И Дмитрию Алексеевичу вдруг захотелось к ним, на их деревья. Он подошел поближе. К его счастью, женщина, сидевшая рядом с Федей, поднялась и ушла. И Дмитрий Алексеевич поскорей сел на ее место — сел с такой поспешностью, что даже спокойного Федю это отвлекло от его беседы. Совсем другой, холодный человек посмотрел на этот раз через очки! Большой, усталый, седой Федя оберегал границу, за которой ему так хорошо жилось с этими молодыми и пожилыми «ребятами».

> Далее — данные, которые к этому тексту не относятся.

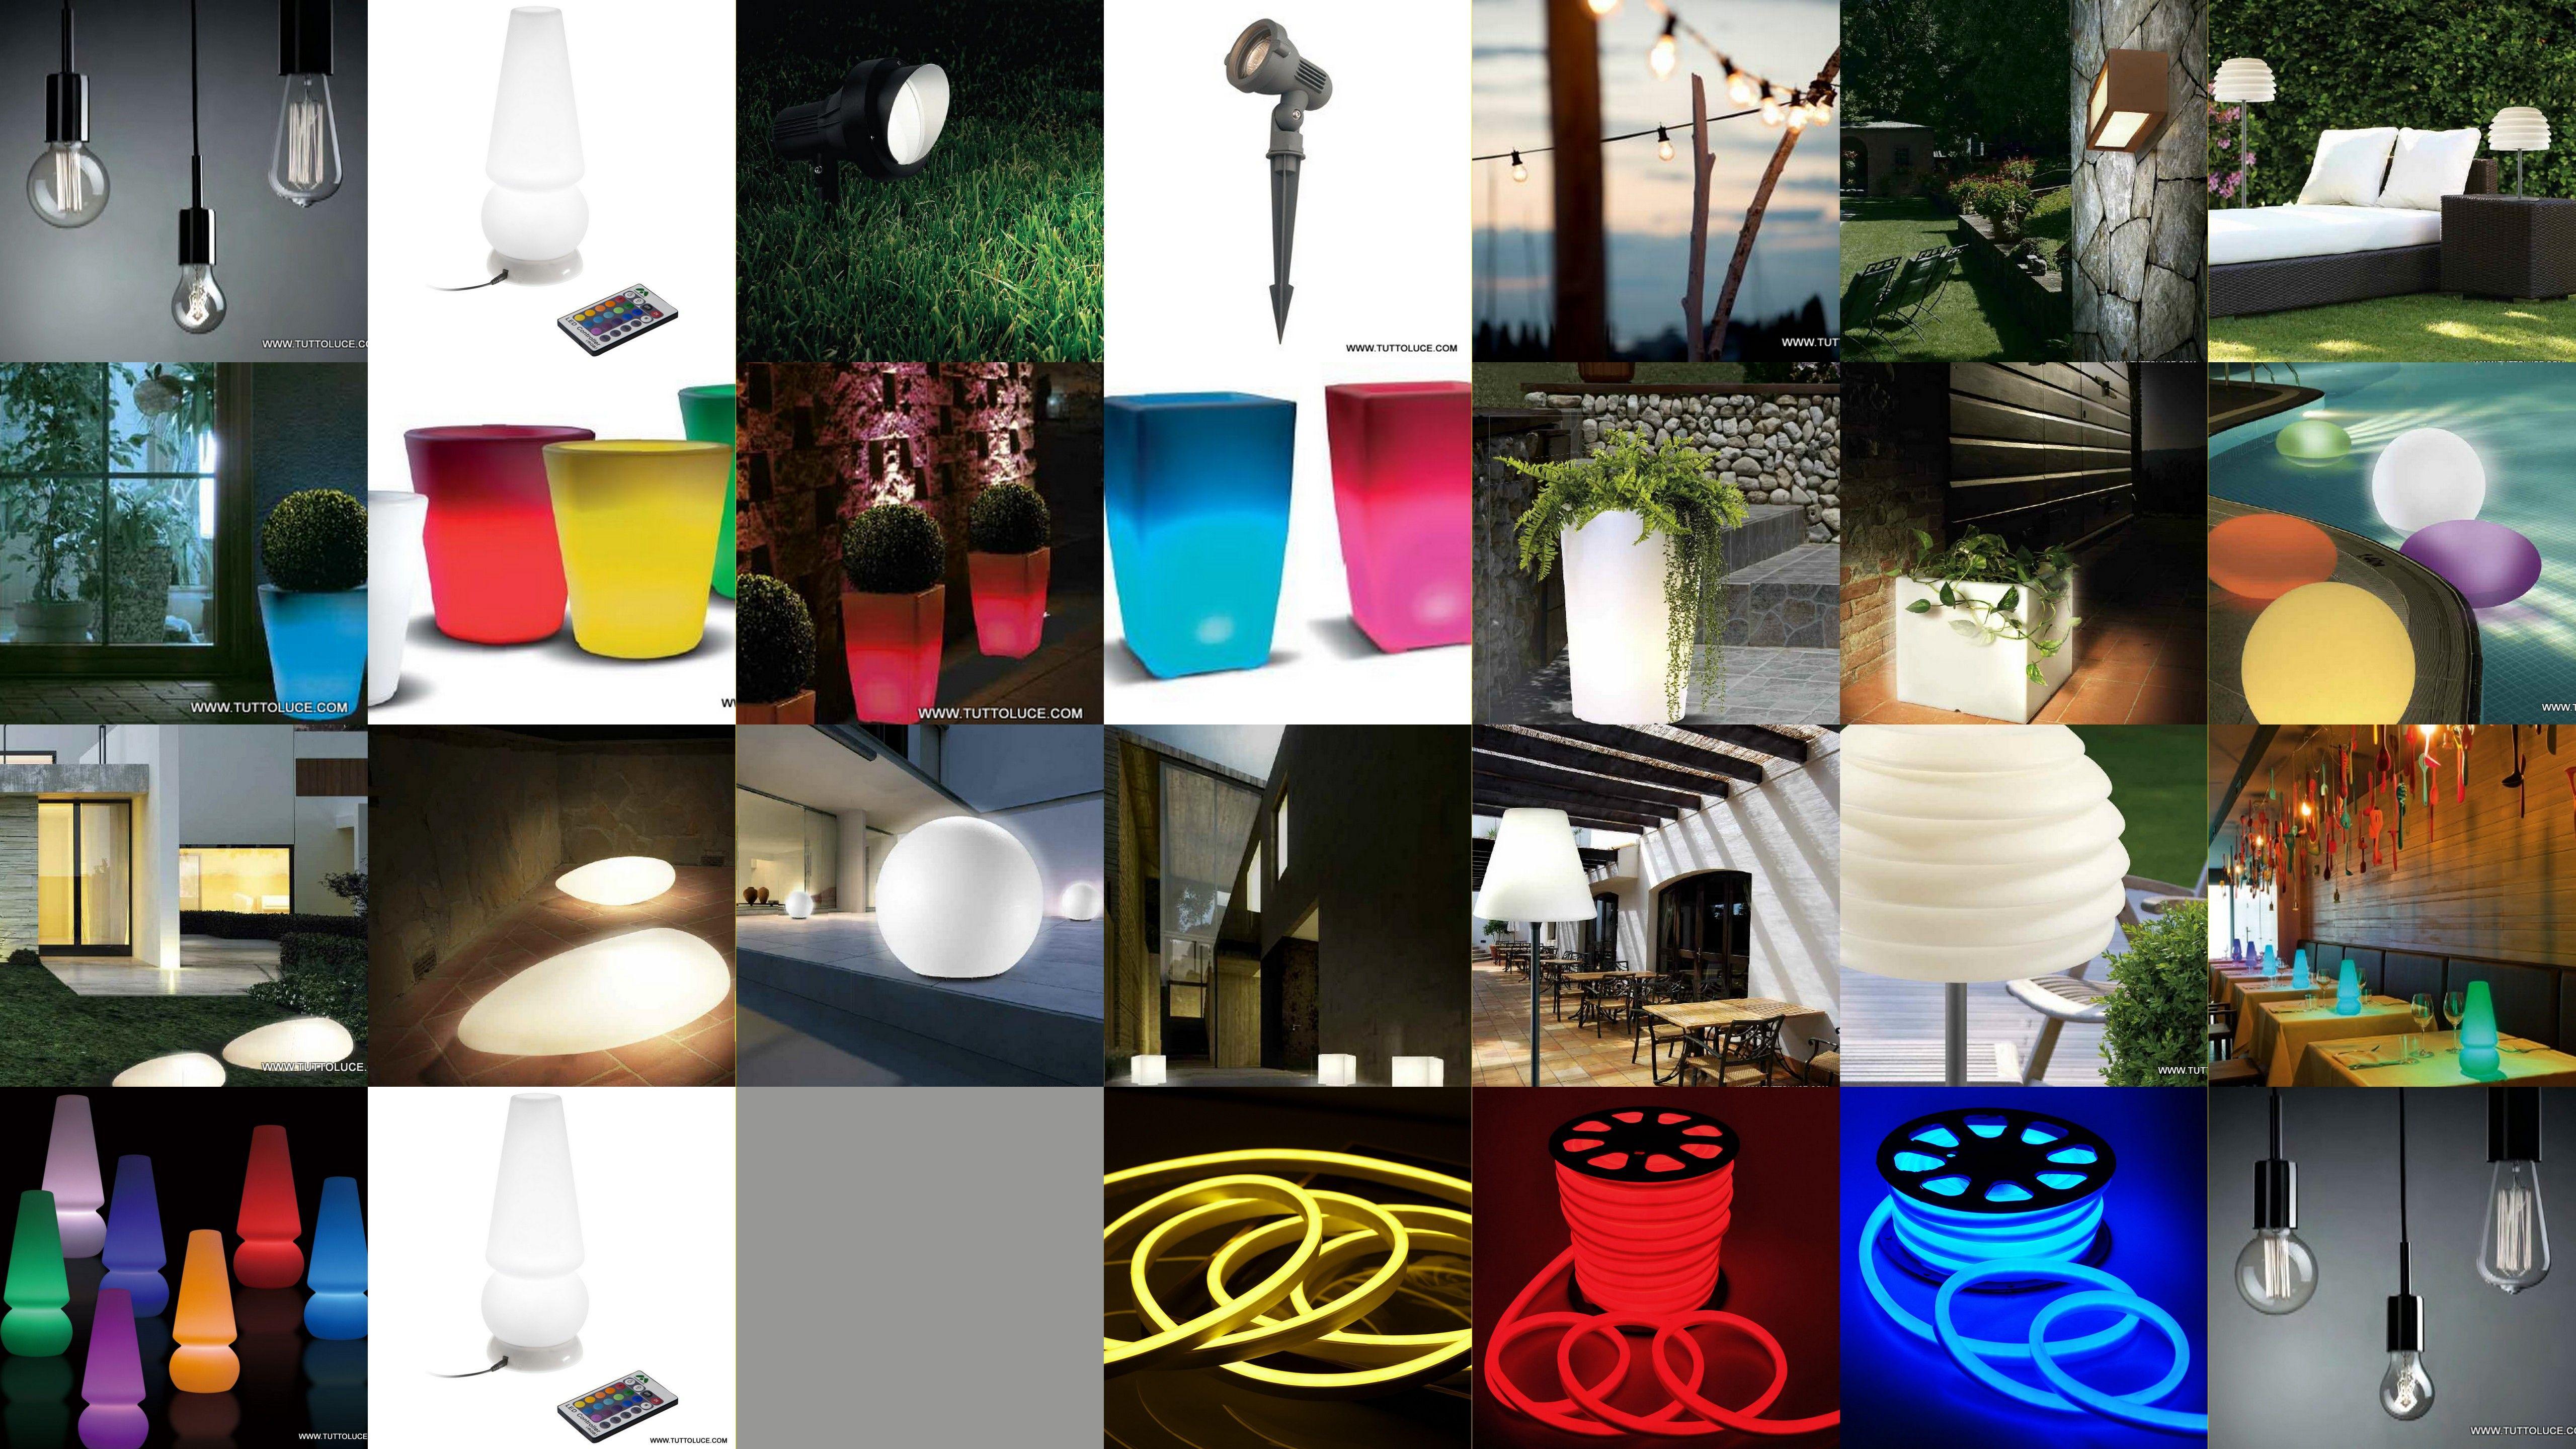 Vasi luminosi da giardino led e basso consumo luci per - Luci led esterno giardino ...

И Дмитрий Алексеевич опустил завистливые глаза. Он уже понял, что это, должно быть, сотрудники одного учреждения, скорее всего научно-исследовательского. Наверно, вместе учились, а может быть, вместе организовывали институт, боролись за него. Во всяком случае, их соединяло что-то, какой-то крепчайший цемент. Они были — вот, рядом, Дмитрий Алексеевич даже касался одного из них, и в то же время не видел средства перейти туда. Он стал бы самым послушным и исполнительным работником! Но попасть туда — не в институт, а к ним, можно было, только пройдя испытание, получив молчаливое «да» от всех.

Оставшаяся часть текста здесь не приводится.